Hello I am bitter tonight . My 1 year husband told me a lot tonight . A lot of crap . How Alaon teaching is wrong !! How I do not show any improvement . How I became a b*** because of Alaon teaching . I did what I could do with the tools of Alaon to focus on me and not the alcoholic and not to let him get in my way of recovery . He has done nothing but lied and belittled me and kept me from getting better. When I stand up for myself I'm being a b**** . If I don't do what he wants I'm a b*** . This is a man I will not do anything else for . I am ending this marriage I do not need the aggravation any more . I'm done with him .
I Tryed to save something I new from day one it was impossible to save but I gave it a chance . He has put nothing on the table I want !! I will walk away . He has nothing I want .
-- Edited by hotrod on Tuesday 5th of November 2013 11:50:59 PM
I am sorry that you must still endure this insanity on a regular basis . I began to think about whet alanon has taught me and I must say it was all good.
I learned that it was my responsibility to take care of myself. I can do that by making sure that did not get too hungry, angry, lonely or tired. I learned to live one day at a time, leaving the past in the past and not to project into the future, and to trust a Higher Power. In addition I learned to treat myself and others with courtesy and respect.
I believe those were all great constructive lessons.
I hear you are gaining the same wisdom and becoming a Miracle in Progress. Keep on keeping on
-- Edited by hotrod on Tuesday 5th of November 2013 11:56:11 PM
Rosemary: I can remember when you first starting posting. You were crying in a parking lot one day as I recall in grave distress. I don't hear grave distress in this post. I hear someone who wants to live free of abuse and constant criticism. I'd say you have come a long way!!!! Keep on keepin' on, sister!!!!
The A's disease feels threatened when we start taking care of ourselves, so it will try many manipulations and lies to prevent us from developing a healthier mindset.
Keep showing up for yourself and doing the next right thing- whatever that means to you at the time. It's a good reminder for me to do the same for myself.

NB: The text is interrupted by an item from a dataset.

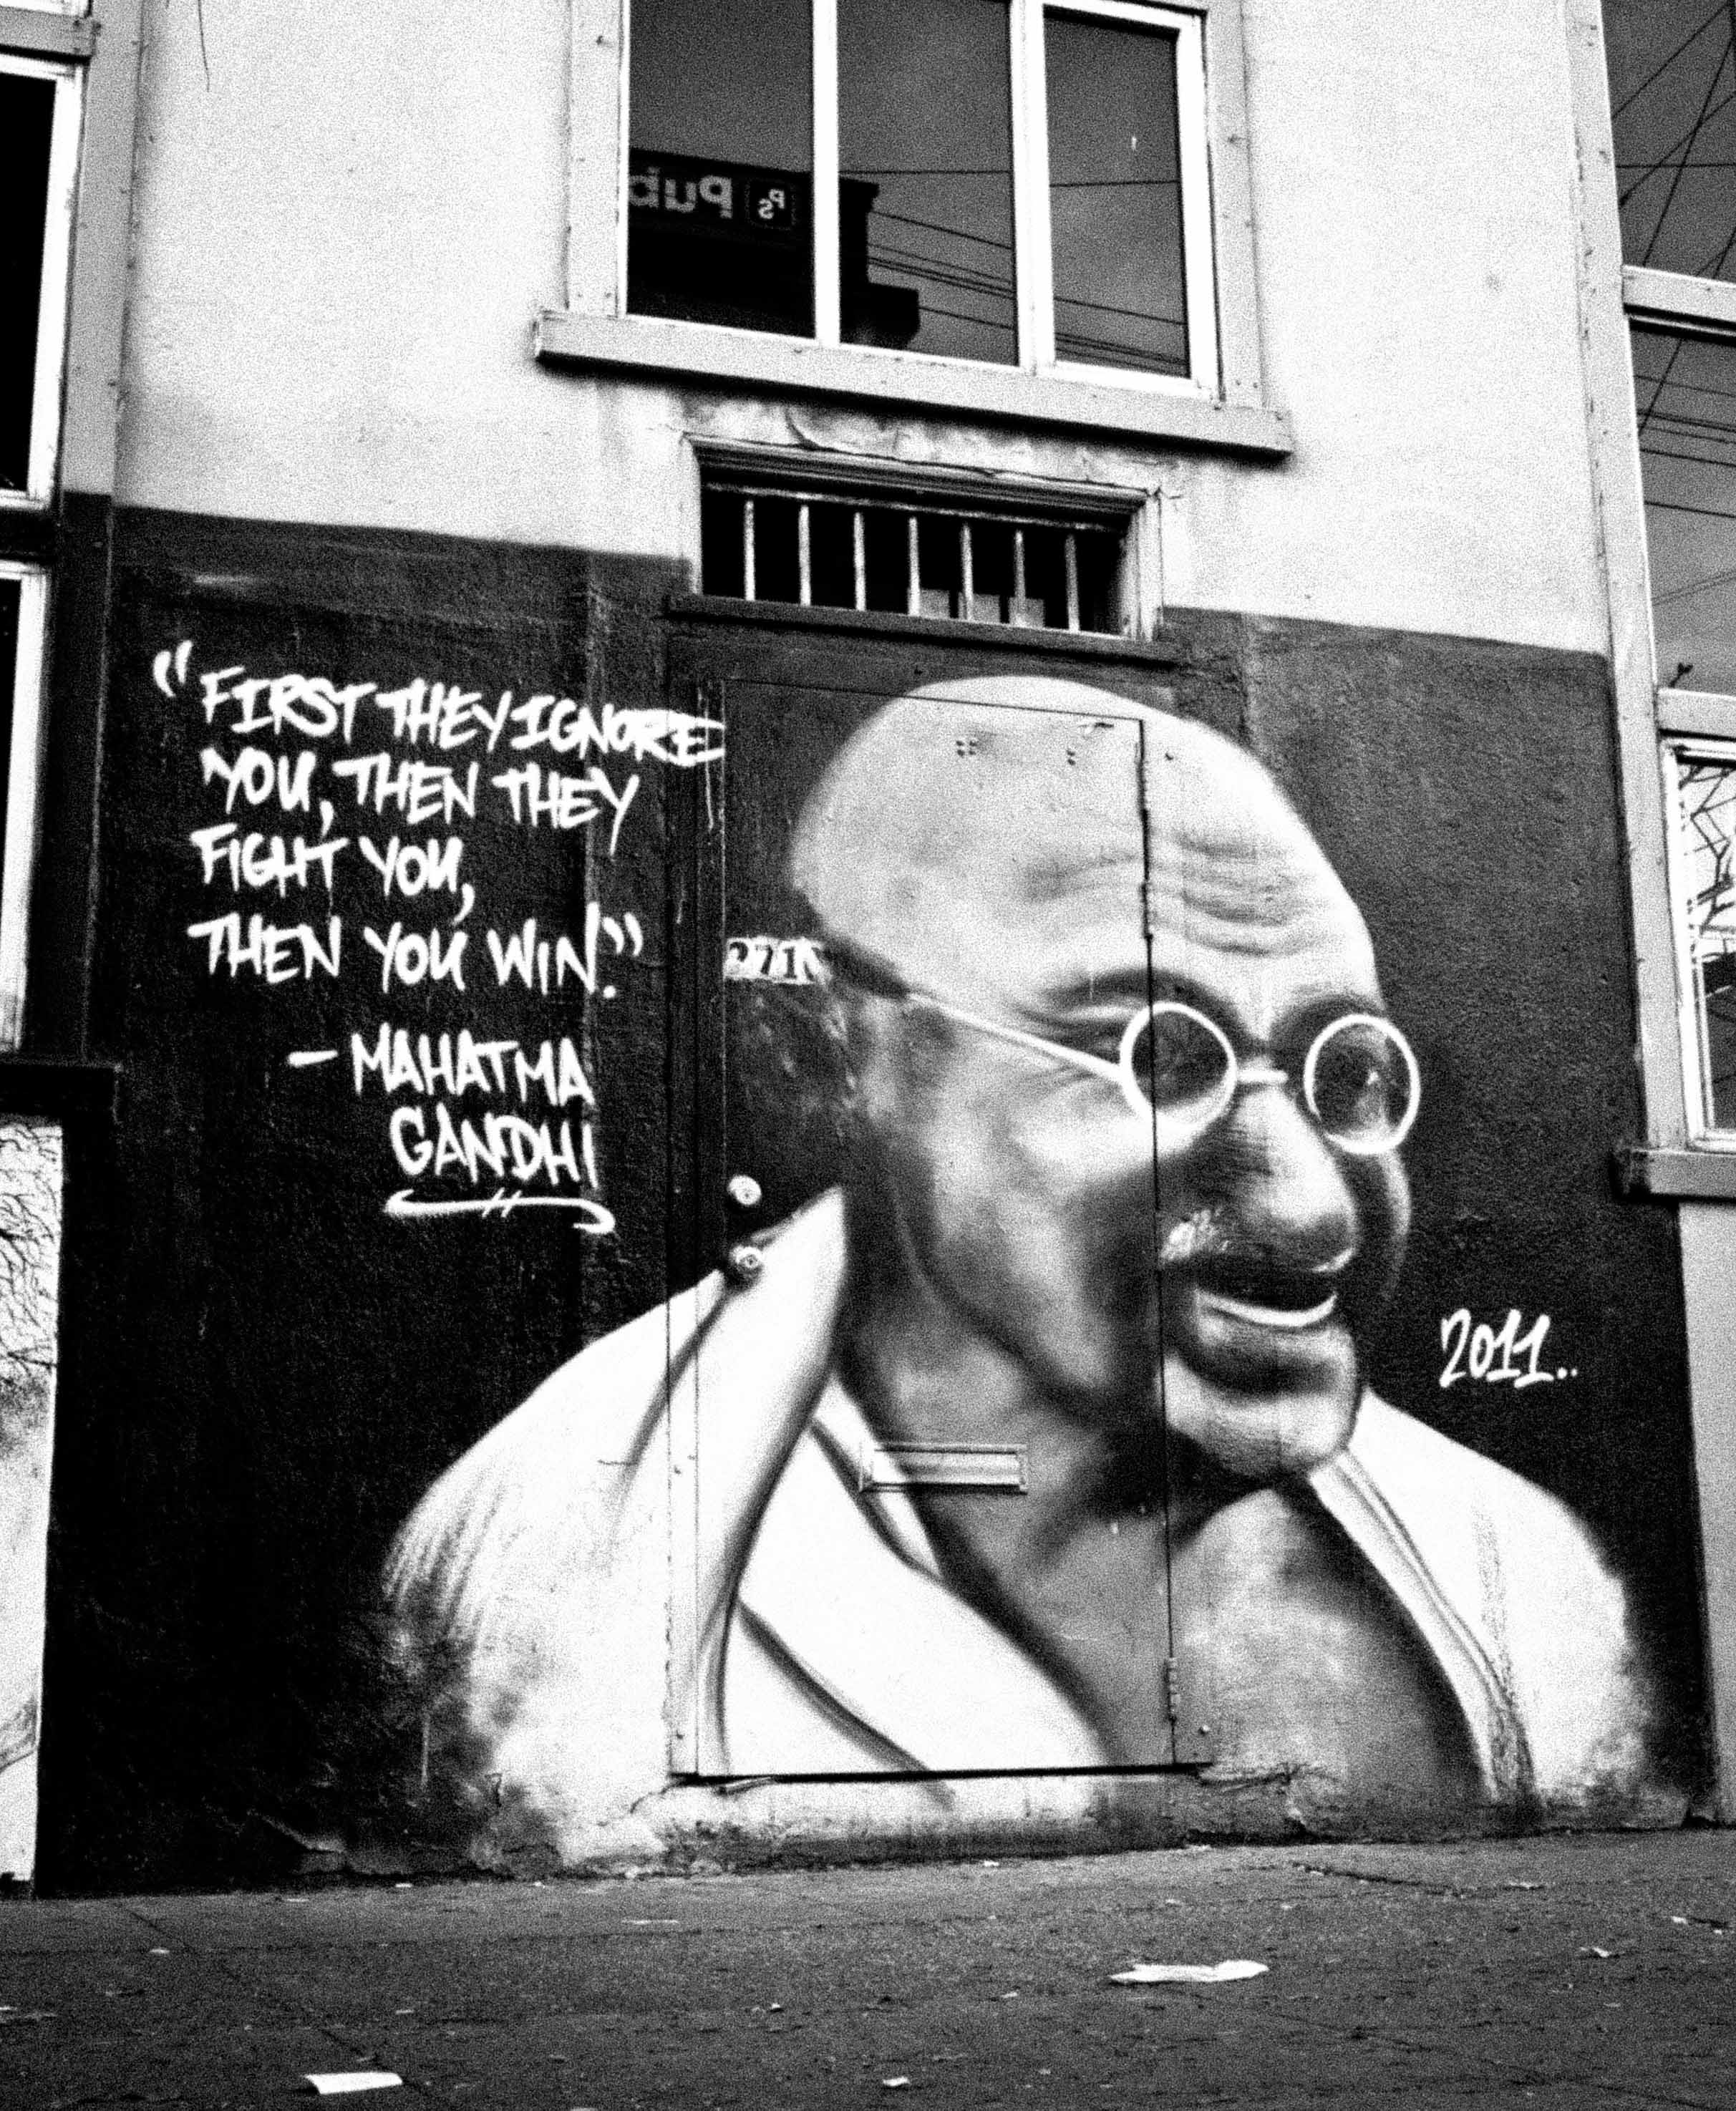 Gandhi - SOMA, 2011.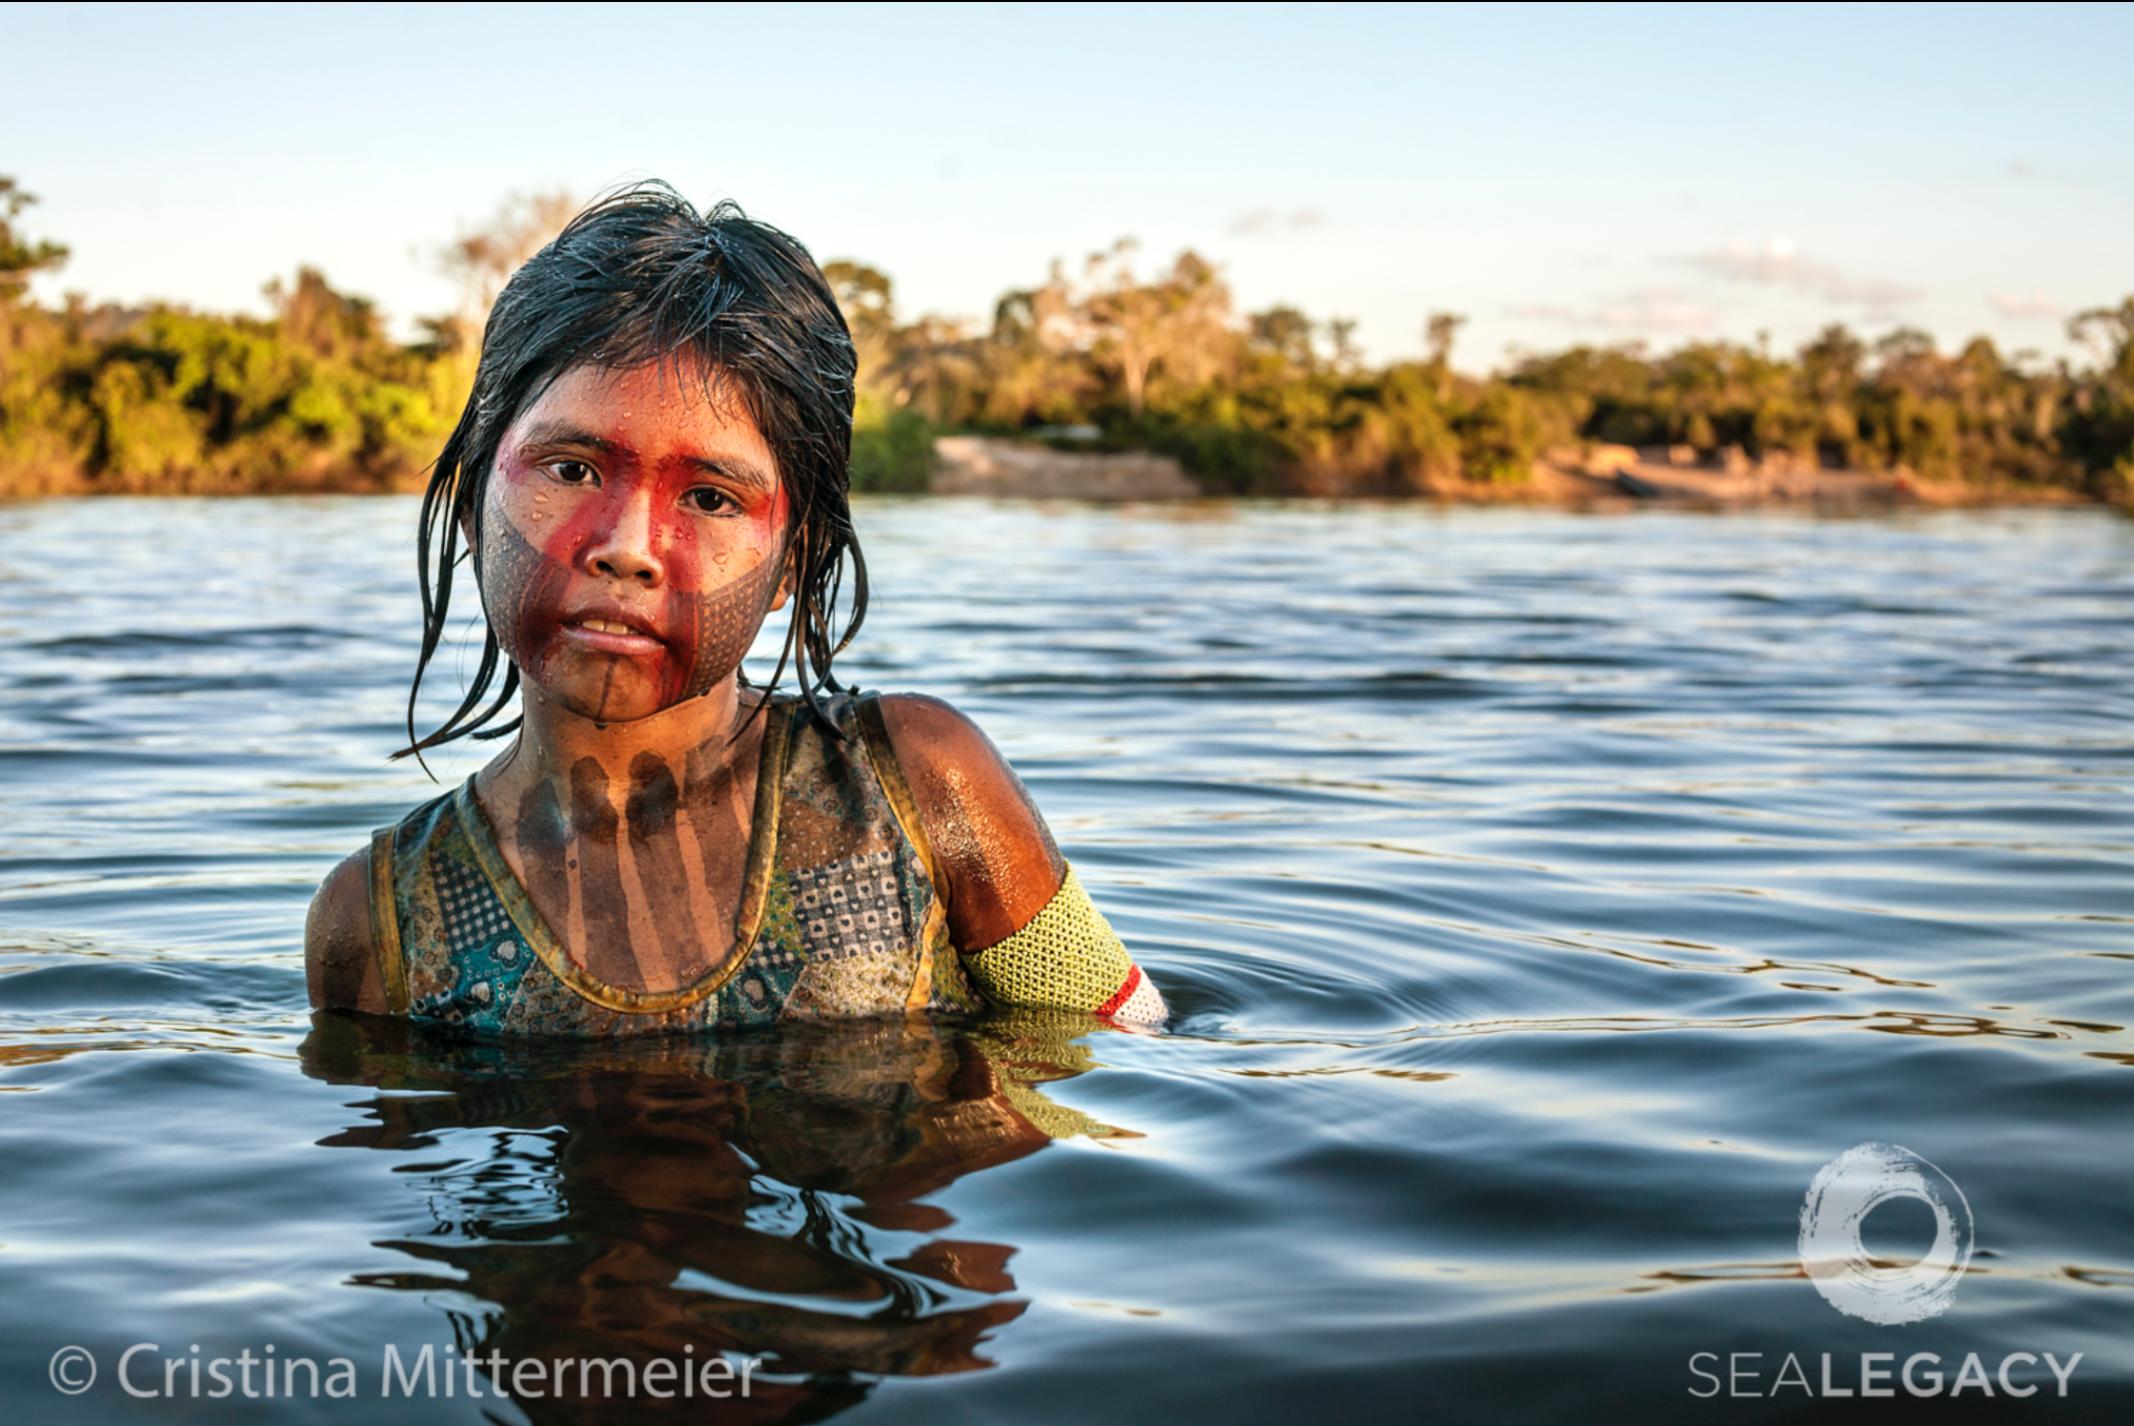 Cristina Mittermeier, Xingu  Digital Chromogenic Print on William Turner Cotton, 20x30 in.

You are fine its his disease that says all this nonsense since the disease doesn't want anyone or anything to stop its destruction. You know that, we have no power over this insane disease but we can see it in the light and know its just a very sick person telling us very sick things. I will pray for you and your family, he is a very sick person right now.
This is a man I will not do anything else for . I am ending this marriage I do not need the aggravation any more . I'm done with him .
I Tryed to save something I new from day one it was impossible to save but I gave it a chance . He has put nothing on the table I want !! I will walk away . He has nothing I want .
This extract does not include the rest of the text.